Stark's age of faith argument and the secularization of things: a commentary

Sociology of Religion, Fall, 2002 by C. John Sommerville

Rodney Start has repeatedly attempted to bury secularization. But his latest effort, "Secularization, R.I.P." (Stark 1999) involves some common and serious mistakes. In that article he refutes the idea that medieval Europe can be described as an Age of Faith. He presents much evidence that "lack of religious participation was, if anything, even more widespread in medieval times than now." And since "the only shred of credibility" for secularization theory is the supposed contrast between such an age of faith and our present situation, he thinks that dismissing that Age of Faith makes it impossible to speak confidently of a decline of religion. So, in line with his title, "secularization" would cease to be a live concept.

In the course of his argument, Stark makes some other points that need to be addressed. First, he questions the connection so often made between secularization and "modernization," and most especially with science. Second, he notes that secularization theory does not limit itself to a discussion of social or cultural differentiation, but makes explicit claims about belief. Third, he challenges the assumption that secularization is irreversible. And finally, he reminds us that we should not be talking just about Christianity, but about religion generally.

While sociologists have taken issue with Stark's challenges to secularization theory at various points, in reference to his recent article one must concentrate on his historical contentions. In doing so, I will emphasize the evidence from England as he has done. But we would both agree that a descriptive rather than theoretical approach to the study of secularization will likely show national variations.

***

First, we should consider the notion of an Age of Faith. Stark may well be right that the medieval period was not an age of faith. But that does not prove his point. Faith is not what religion was mostly about back then. "Faith" suggests conscious belief and perhaps some awareness of alternatives. We need another term for a time in which religion consisted in assumptions, habits, customs. The medieval period was such a time. This is not to claim that no one was capable of reflection and even doubt. But the distance between us and our religion has grown greatly since then, making faith a more conscious and perhaps more difficult proposition. The reason for that change is that we are not reminded of religion everywhere we look.
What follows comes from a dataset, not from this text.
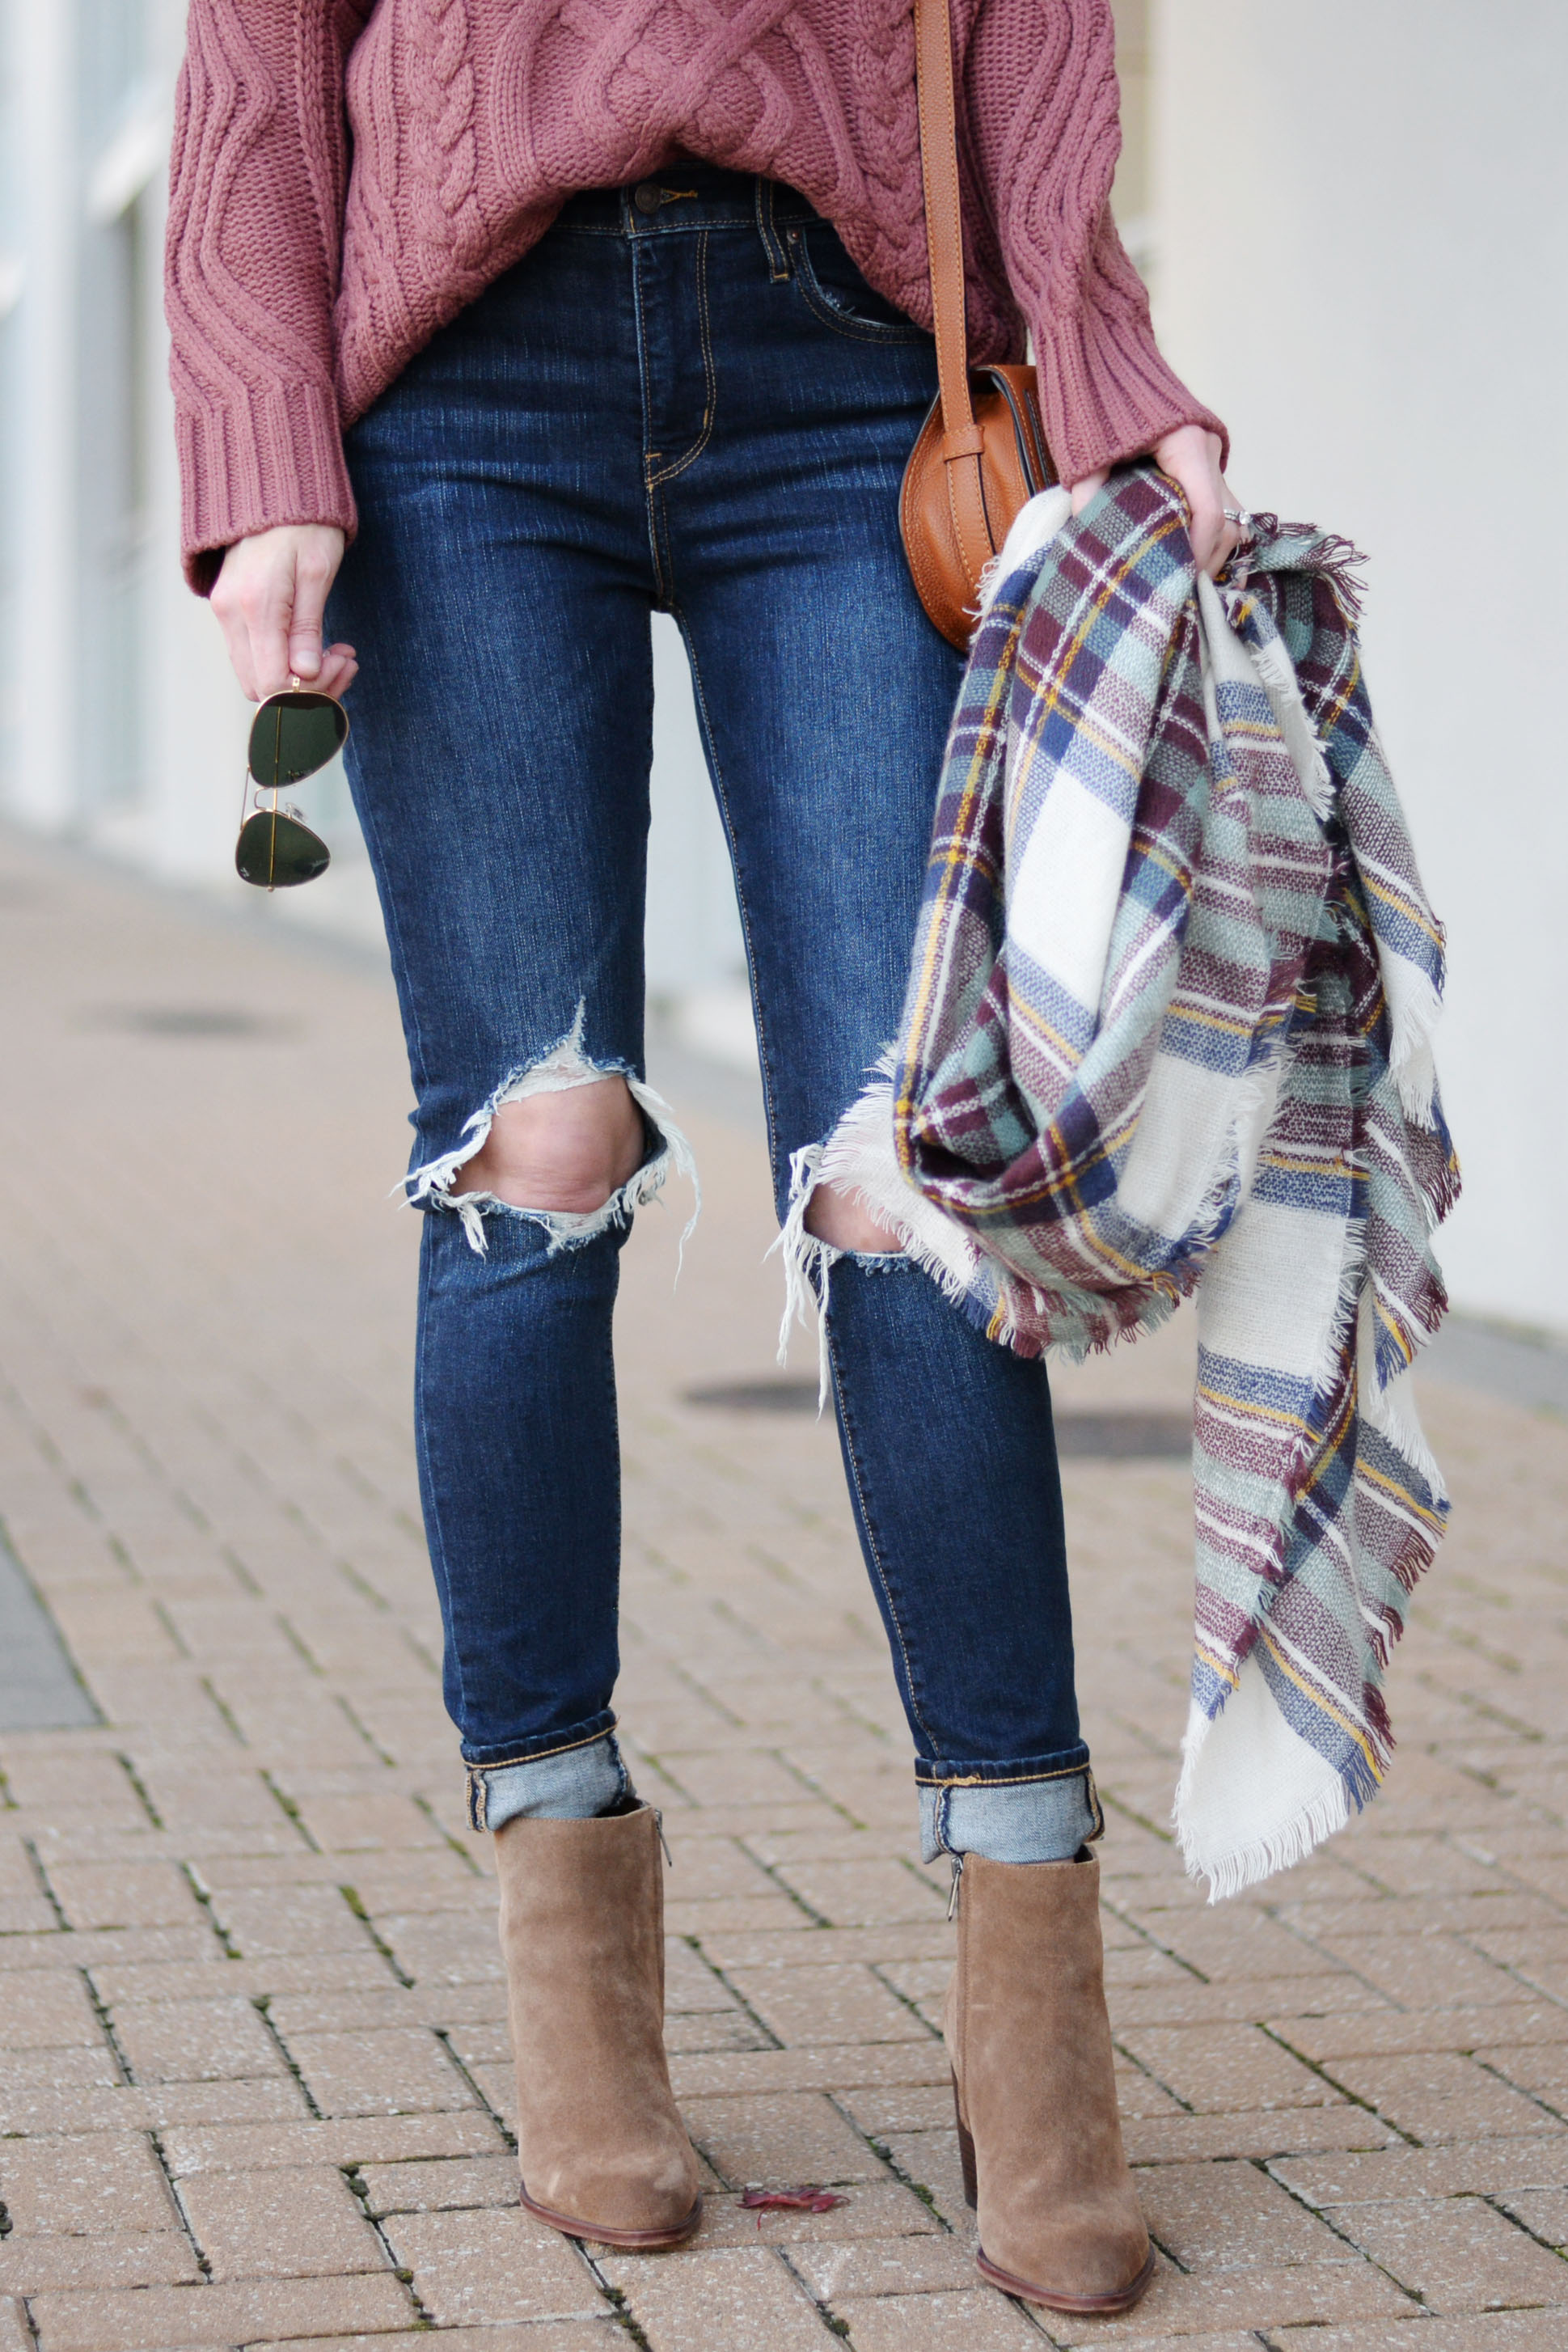 How to Wear Ankle Boots and Jeans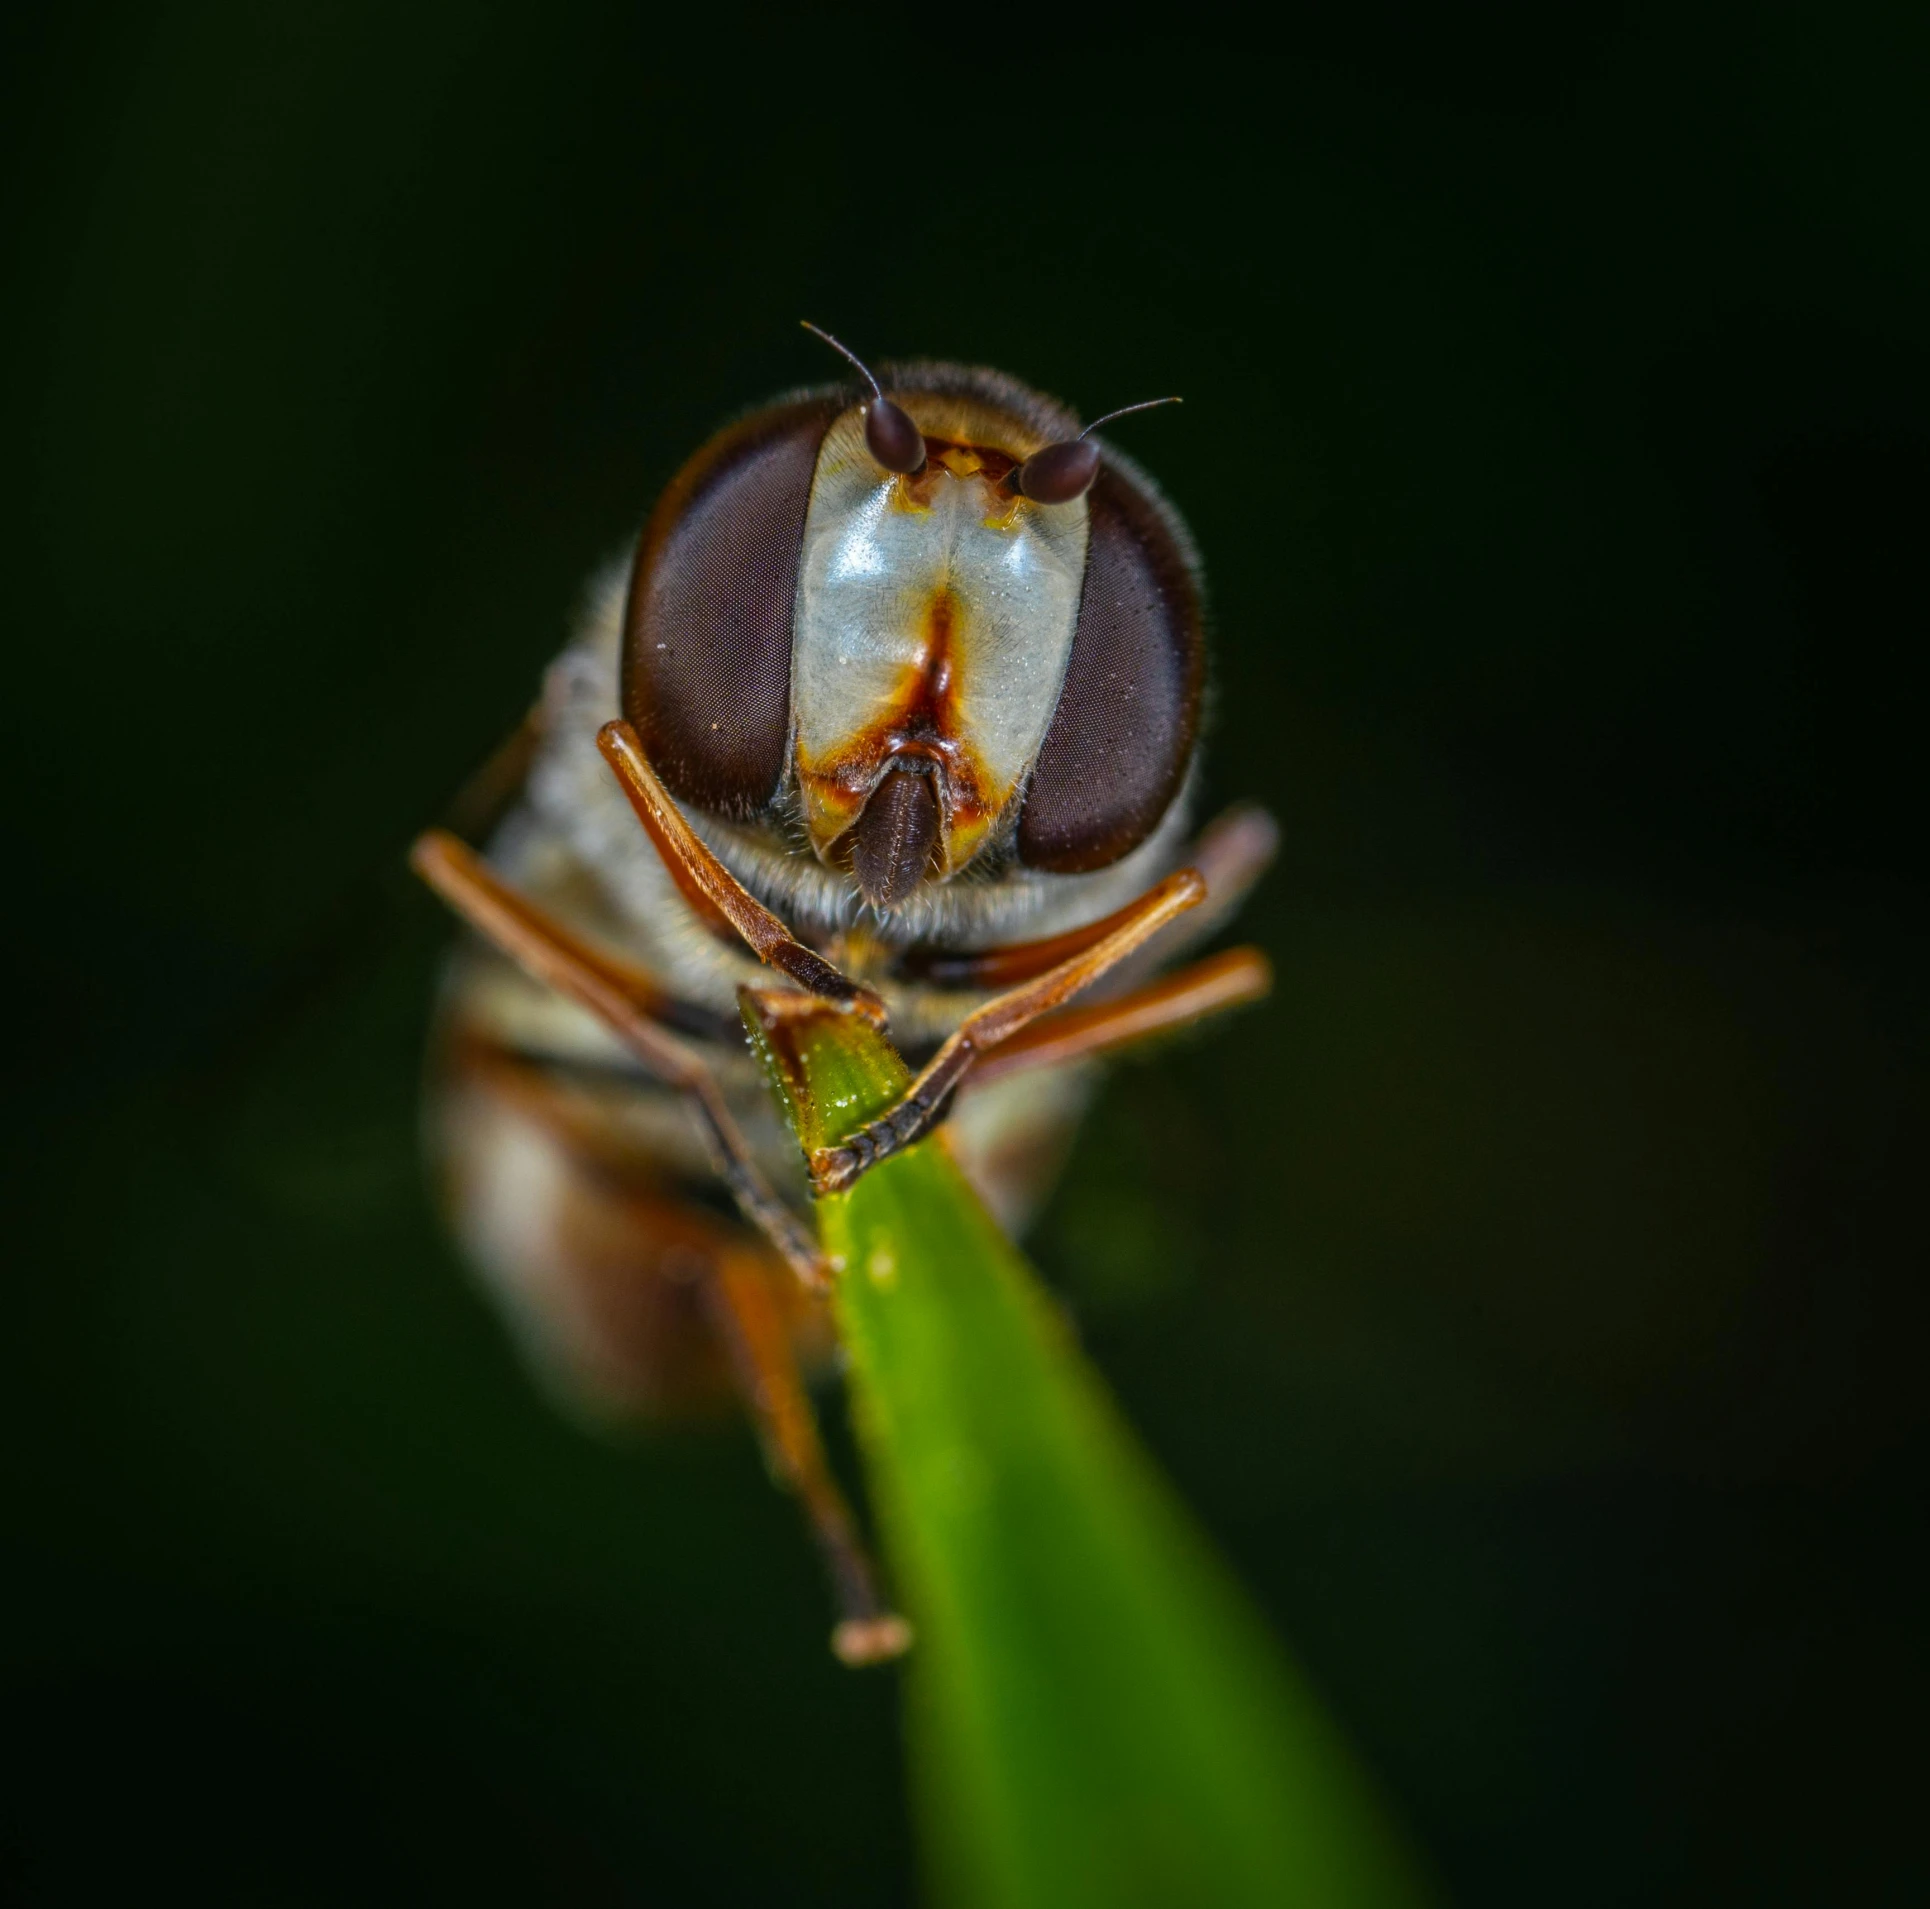 a close up of a fly on a blade of grass, a macro photograph, pexels contest winner, hurufiyya, clear symmetrical face, portrait shot 8 k, photo taken at night, today\'s featured photograph 4k

Religion in the medieval period involved nearly everything, and was largely a matter of practices and assumptions. We might rather call it an Age of Religious Culture. We mean culture in the anthropologists' sense, of the ways of doing things that mark a society and are passed on to one's children. At such a time a lot of things were done "religiously" but not reflectively. It was the situation of people who literally could not think or express themselves outside of a religious idiom. There was plenty of heresy, but it took religious forms. For even resistance to religion could only assume religious forms, in inversion or blasphemy.(Moore 1977; Murray 1978; Sommerville and Edwards 1990) People may have been struggling to break free, but lacked the conceptual grammar that would make a stark secularity possible.

In 1938 Lucien Febvre published his classic The Problem of Unbelief in the Sixteenth Century: The Religion of Rabelais (Febvre 1982), arguing that atheism was effectively impossible in that period. People used the term to discredit their opponents, but only meant some form of unorthodoxy or disrespect to organized religion. Febvre explained how a real, speculative atheism would require a cultural and conceptual grammar that just did not exist at that time, but does exist now. Historians sometimes make the mistake of thinking that early modern religious dissent argues secularization. In fact it shows that one could counter religion only with alternative religion.

Modern faith might be measured by polls that asked people if they "believed in a God." The relevant question for medieval peasants would probably have been what they thought of God. To find out how (rather than whether) they were religious, one would ask whether they had made any vows recently, or said their prayers, or made confession or pilgrimage, or "charmed" their fields or done any of the many things that showed one's "religion." Apparently, church attendance was not high on that list, as Stark and others have shown. Annual Easter visits were so standard that one must wonder whether that was considered deficient, as he assumes. There were many other things that were considered important to what Stark calls "religious participation."

There has now been some progress in showing how the secular vocabulary that Febvre looked for eventually developed. We might even say that the creation of something we could call an Age of Faith was the result of this process! As Stark says, it is more a modern situation. But that does not mean that religion was lacking before; only that religion was different. In showing how a secular discourse could develop it has been necessary to show the secularization of virtually everything. A secularization of concepts of time made possible a secular history. The secularization of concepts of space was necessary to the new natural philosophy or science. Secularization of personal identity and social relations allowed secular social theories, while the secularization of political activities prompted secular political theories. The secularization of language and of literature encouraged a secular education, while a secularization of work allowed the secularization of the rest of life. All these in turn allowed the rise of theories of religion, which are the final stage of the secularization of culture, whether or not they happen to be true.